Doris M Holden - Writings
Transcripts, manuscript and published versions
PIP SQUEAK THE DOGMATIC.
I made her acquaintance through the correspondence columns of the "Baby's Journal". As I devoured it week by week, it gradually dawned on me that some names appeared far too frequently, and I began to watch out for Pip Squeak, whose name always stood at the head of some statement that brooked no argument. "Marigold should certainly get rid of her nurse," she asserted in January," she does not understand the psychology of a child " and proceeded to state the characteristics of a good nurse, which made me, an ordinary mother, blush guiltily. Was I always tactful and patient, did I always refrain from saying ‘don't’ and had I a good influence over my young urchins? Perhaps that put my back up, for I began to watch and collect data about Pip Squeak, an easy matter as each letter revealed a little more of her private affairs.
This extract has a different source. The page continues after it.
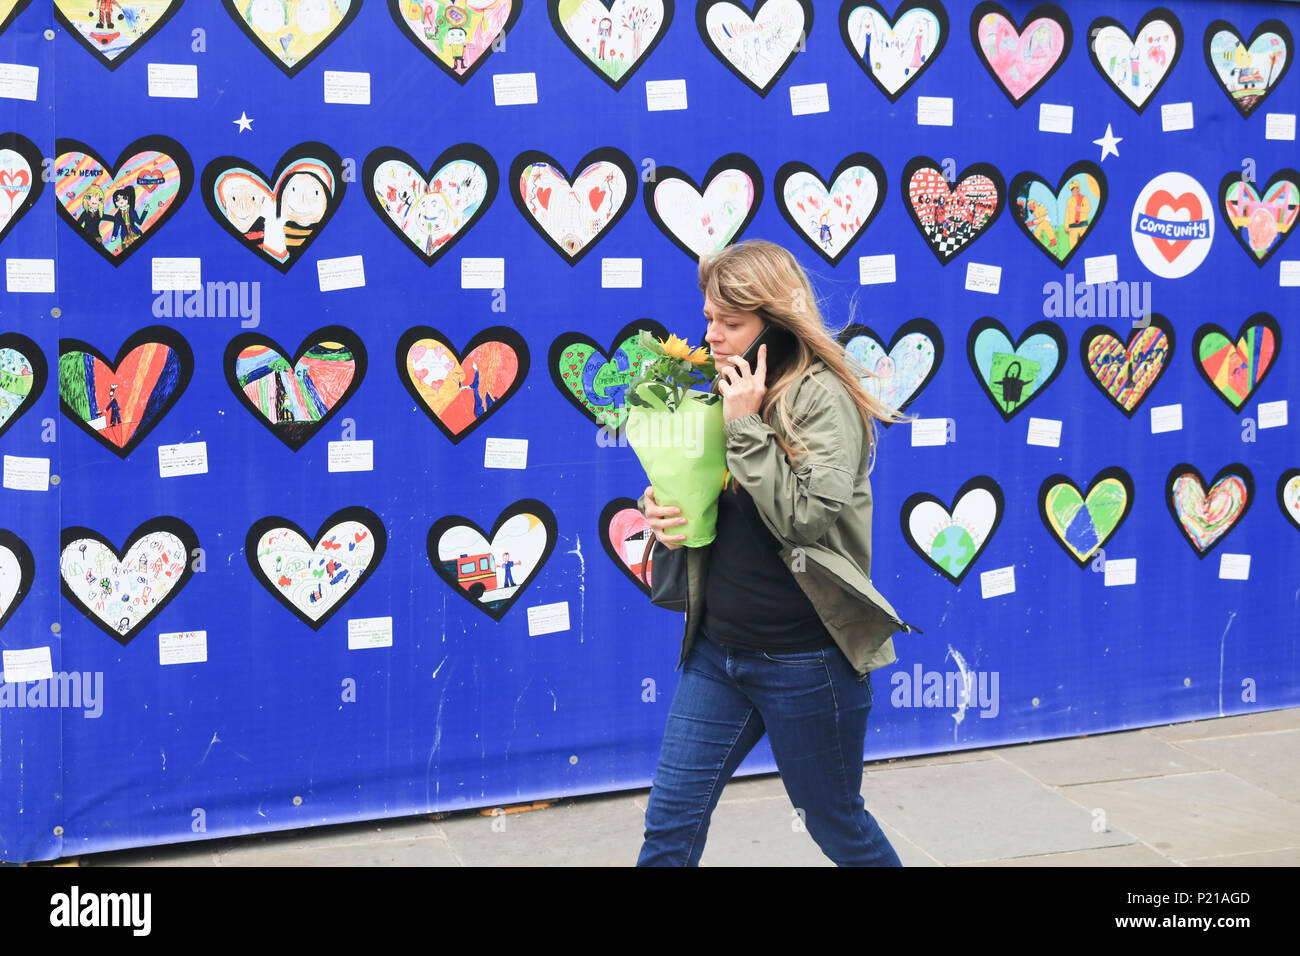 London UK. 14th June 2018. Grenfell anniversary a year after the fire  in West London which claimed the lives of 72 residents in the tower block.  A minute's silence will be observed nationally at midday to rembers the victims of the Grenfell fire on 14 June 2018. Credit: amer ghazzal/Alamy Live News Stock Photo

She had, I discovered in March, two children, a nurse and a maid, and her household ran smoothly, with no grousing, because the set wok was apportioned in the . manner she described. I began to suspect that she had never been through the - real mill of motherhood, and when I found that her children were girls and nicely spaced, I felt my guess confirmed. Would everything have run so smoothly, if she had had two bad boys, a year apart, and a young daily girl as sole assistant?
Perhaps I was unjust to her, and I know that envy played a large part in my dislike of this unknown woman, for- She spoke airily in April of holidays in France "so comfortable and inexpensive", and recommended highly the little hotel at which she, accompanied by maid, had stayed with the children. Our budget - having proved to us that any holiday was out of the question, I conceived a grudge against one who so took them for granted.
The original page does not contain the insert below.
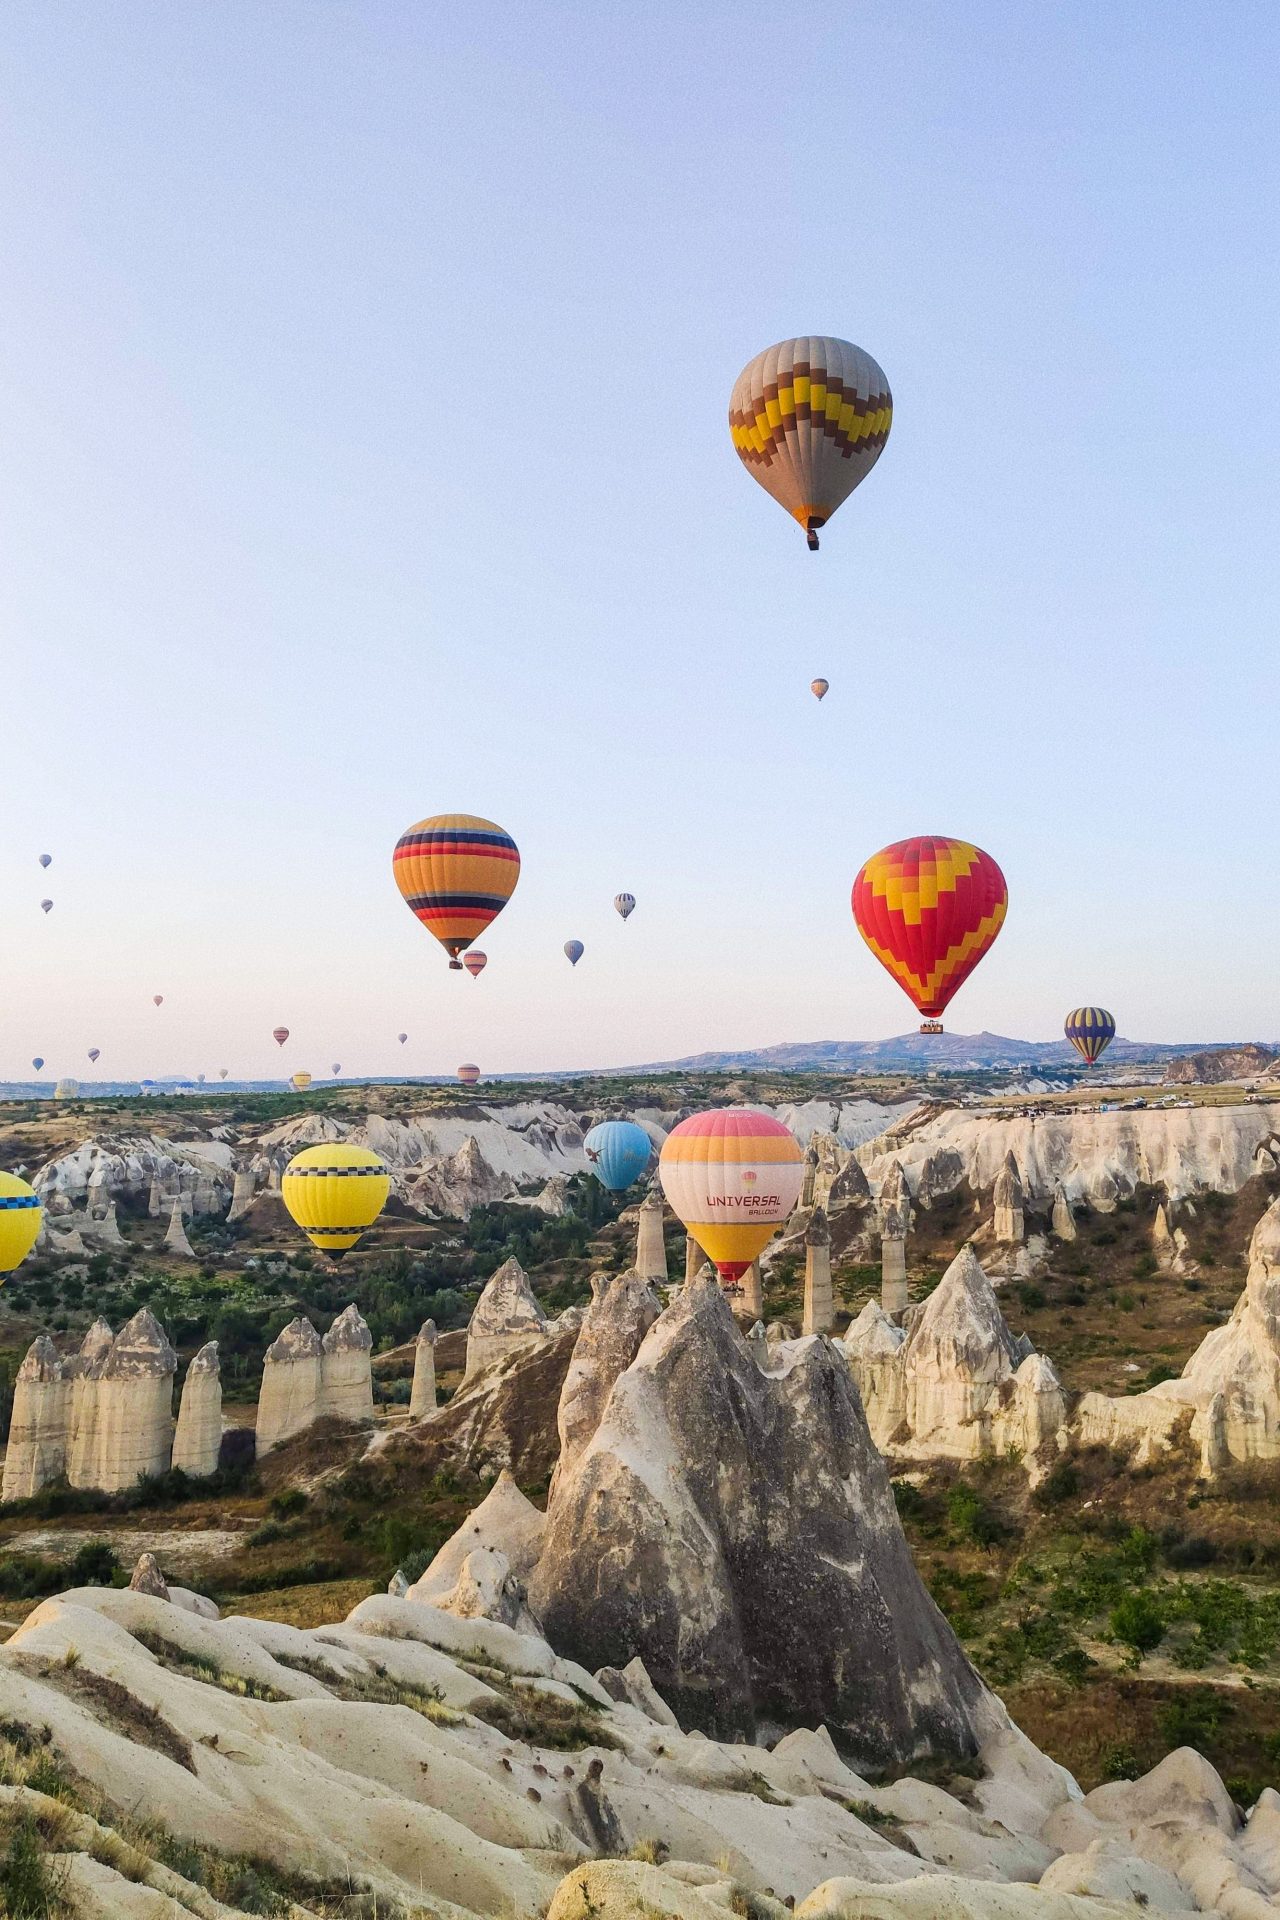 <p>This balloon ride will allow you to see this magnificent landscape from the sky. A luxury experience that is completed with a "Champagne Breakfast".</p> <p>Image: Slobodan Špijunović - Unsplash</p>

Matters approached a head when in May she stated definitely "what ‘Peter' obviously needs is a change of air. Why not a month, say, in sunny Portugal?” Why not, indeed, and blow the expenses. Seething with annoyance, I resolve to join issue with her as soon as she gave me an opening, and a fortnight later, it came. In reply to a business mother who worried because her growing babe would no longer sheep happily in his pram while she was workings she replied, dogmatically "The baby will learn to play by himself, and should sleep most of the morning until three years old." Then I knew that with her two well trained children and her competent nurse, Pip Squeak had never touched the fringe of real hard motherhood. She had not the slightest conception of the life of some of us who can have a baby howling in his pram in the front garden and another calling “Mummy from the back, can run from one to the other, answer the backdoor, clean up the house, and have bottles and meals ready at the right time in spite of it all. With one joyous cry I challenged Pip Squeak to mortal combat.
“Peter's MUmmy, I-wrote, should take with a pinch of salt Pip Squeak's optimistic assertion that the child should sleep most of the morning. He might or he might not. Babies are individuals, and have little use for rules.
I waited happily for Pip Squeak to take up the gauntlet.
Any Notes on the Article or Story (If available)
Doris published in several “Mother & Baby” type of magazines. So I am unfortunately, unable to determine from Doris’ notes in my possession, which journal carried the correspondence from “Pip Squeak” to see if they dared to accept the challenge?